私は大学卒業後、信用金庫での勤務経験があり、FPの資格を持つファイナンシャルアドバイザーとして、多くの方のファイナンシャルプラニングに関わってきました。

そこで今回は、年金の受給額を調整しながら、老後資金不足を解消する方法について見ていきたいと思います。

年金の繰上げ・繰下げ受給制度はどう変わるのか

それでは、新たに改正された年金制度改正法について、年金の繰上げ・繰下げ受給がどう変わるのかについて見ていきたいと思います。

公的年金は、通常ですと65歳から受給開始となりますが、受給開始年齢を遅らせることを年金の「繰下げ受給」と言います。

繰下げ受給をすると65歳以降、受給開始年齢を1歳繰り下げるごとに、0.7%ずつ毎月の年金支給額が増額します。

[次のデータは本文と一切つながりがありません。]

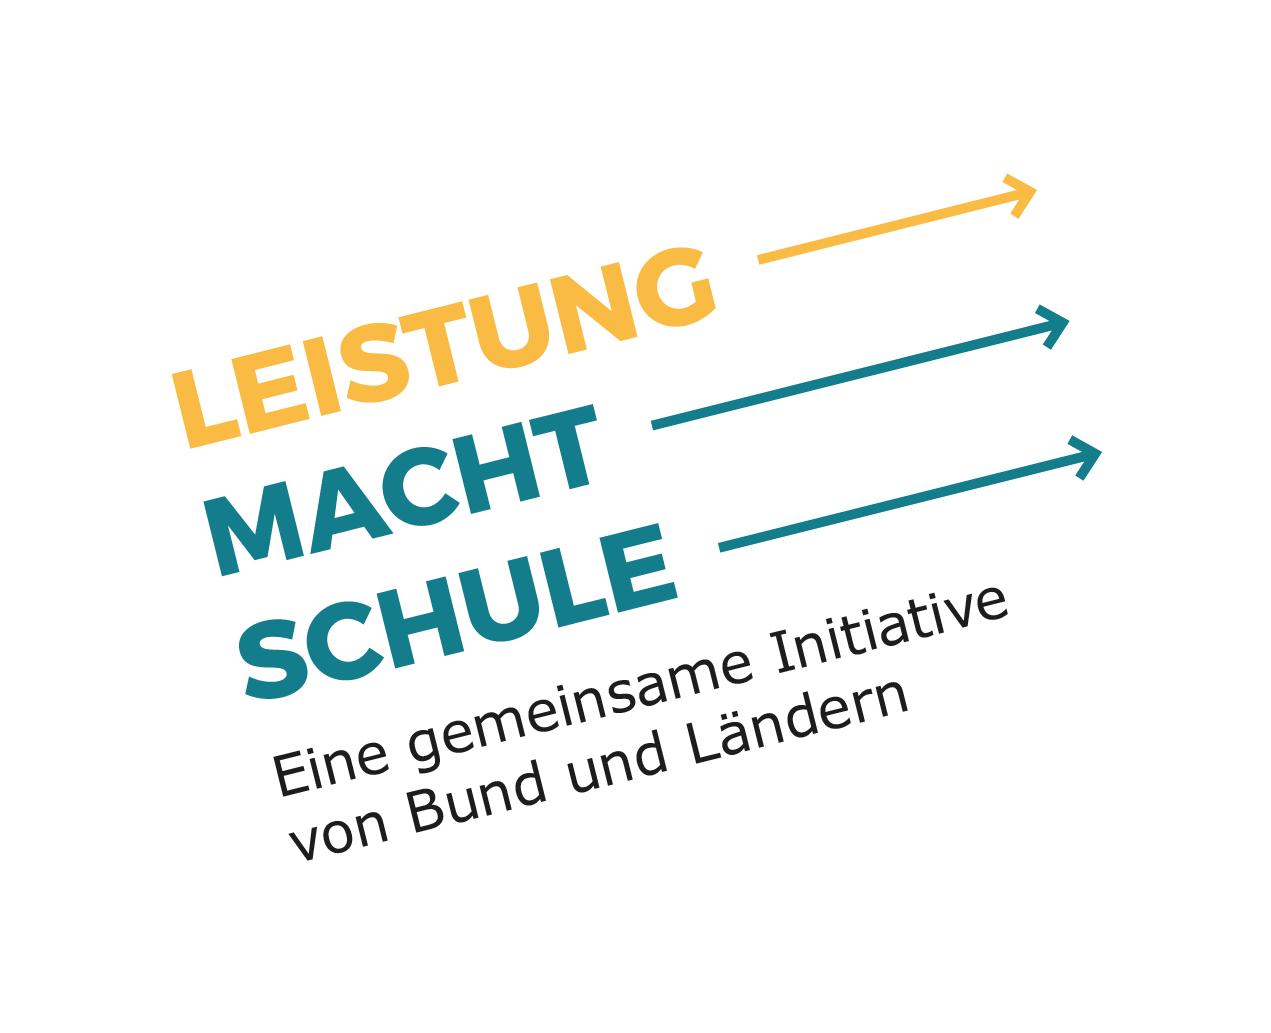 leistung_macht_schule_logo_munterzeile_online
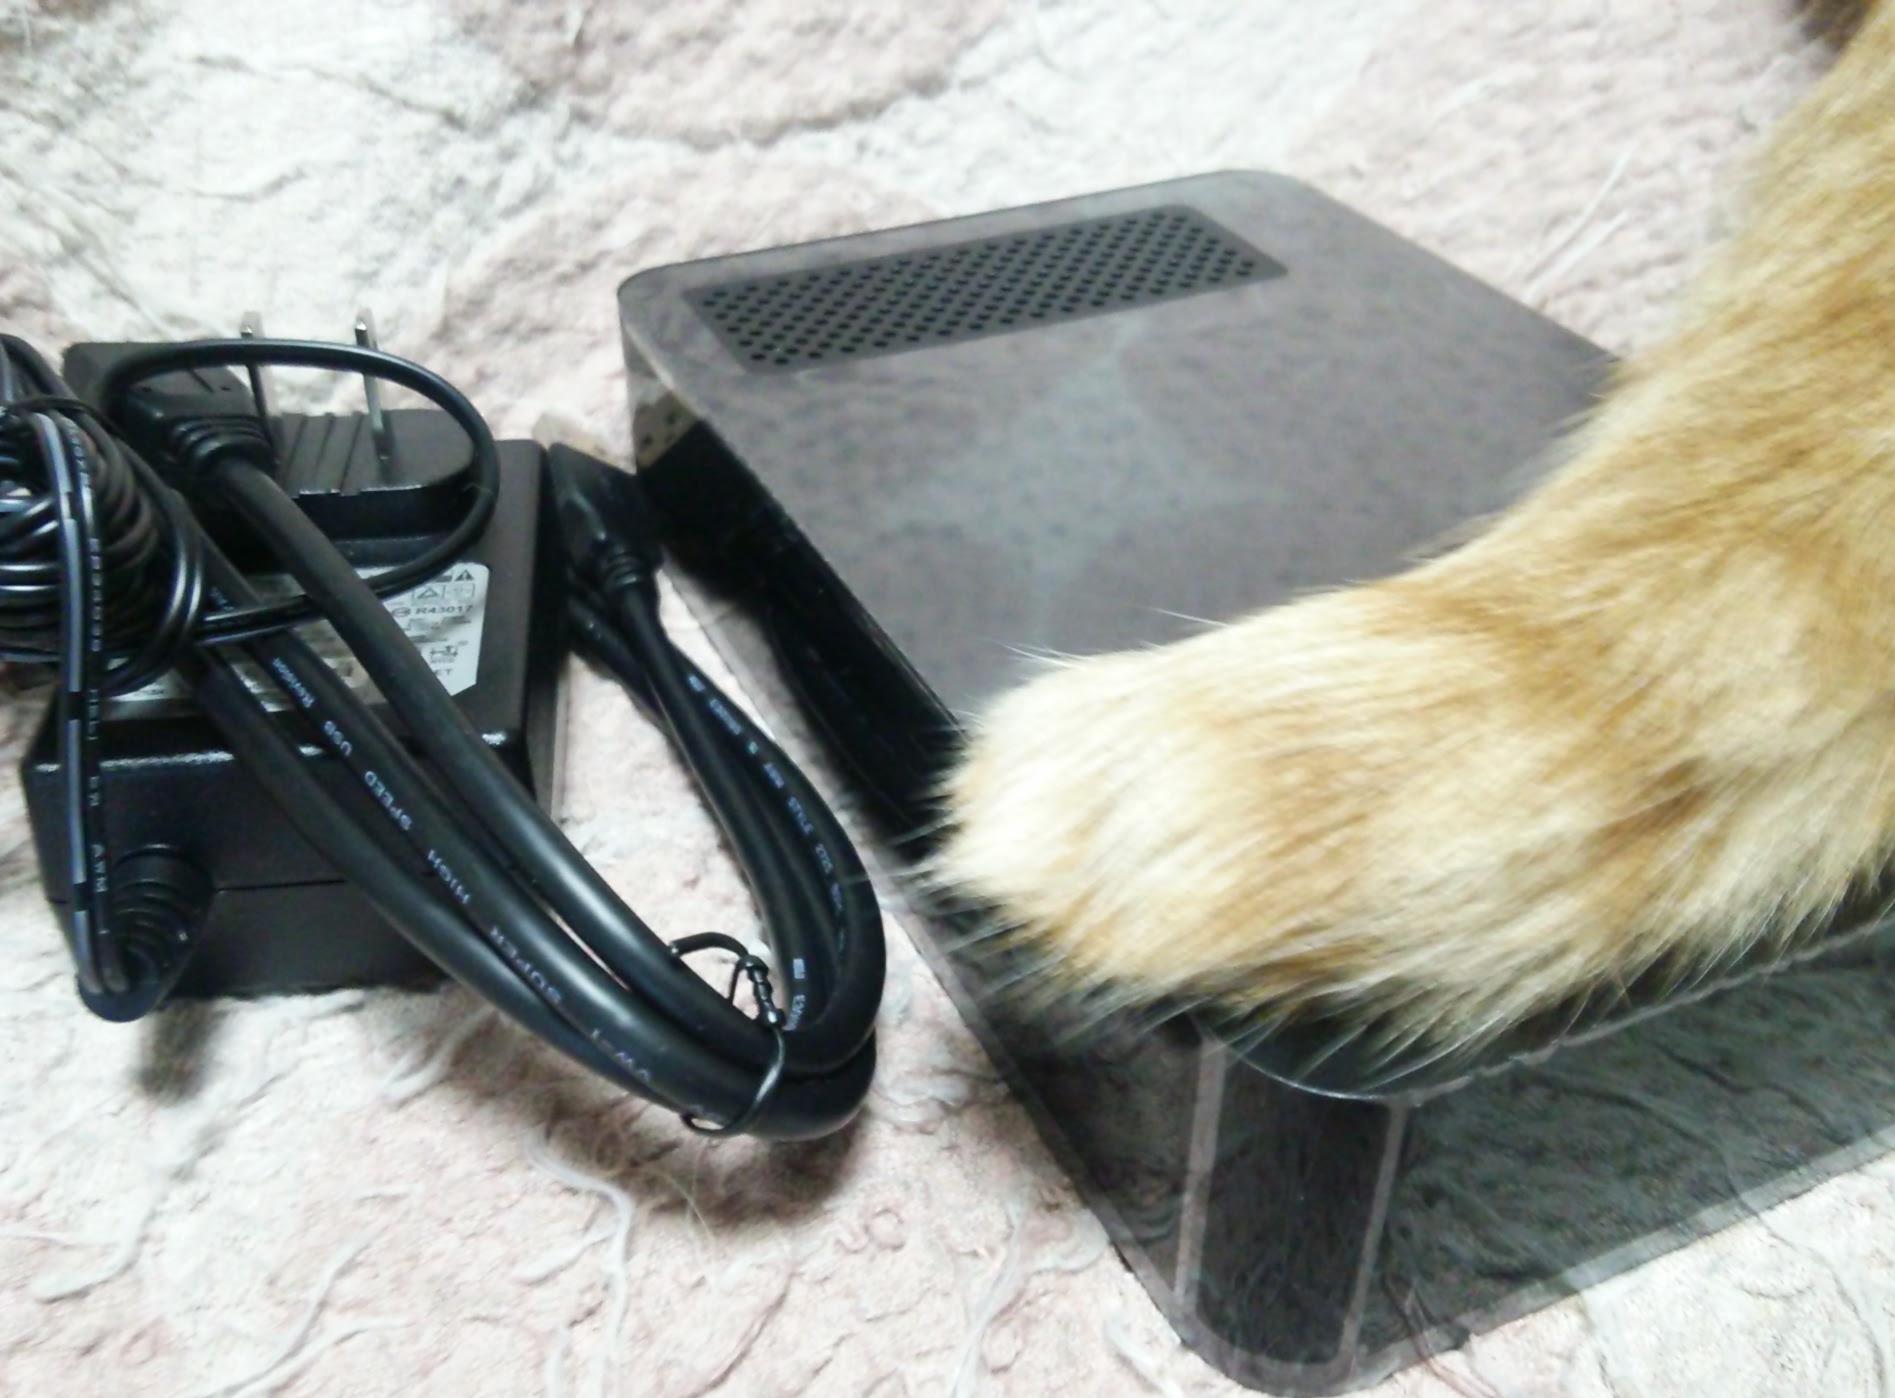 簡易NASを構築できた!無線LANルータに外付けハードディスクを繋げてみた

今回の改正では、年金の受給開始時期の上限が70歳から75歳に引き上げられます。

一方で、年金は65歳になるのを待たずに受給を開始することができます。これを年金の「繰上げ受給」と言います。

繰上げ受給をすると、繰上げた月数に0.5%を乗じた割合で年金受給額が減額されます。

今回の改正で、繰上げ減額率は令和4年4月1日以降、60歳に到達する人を対象として1月あたり0.4%に改正される予定です。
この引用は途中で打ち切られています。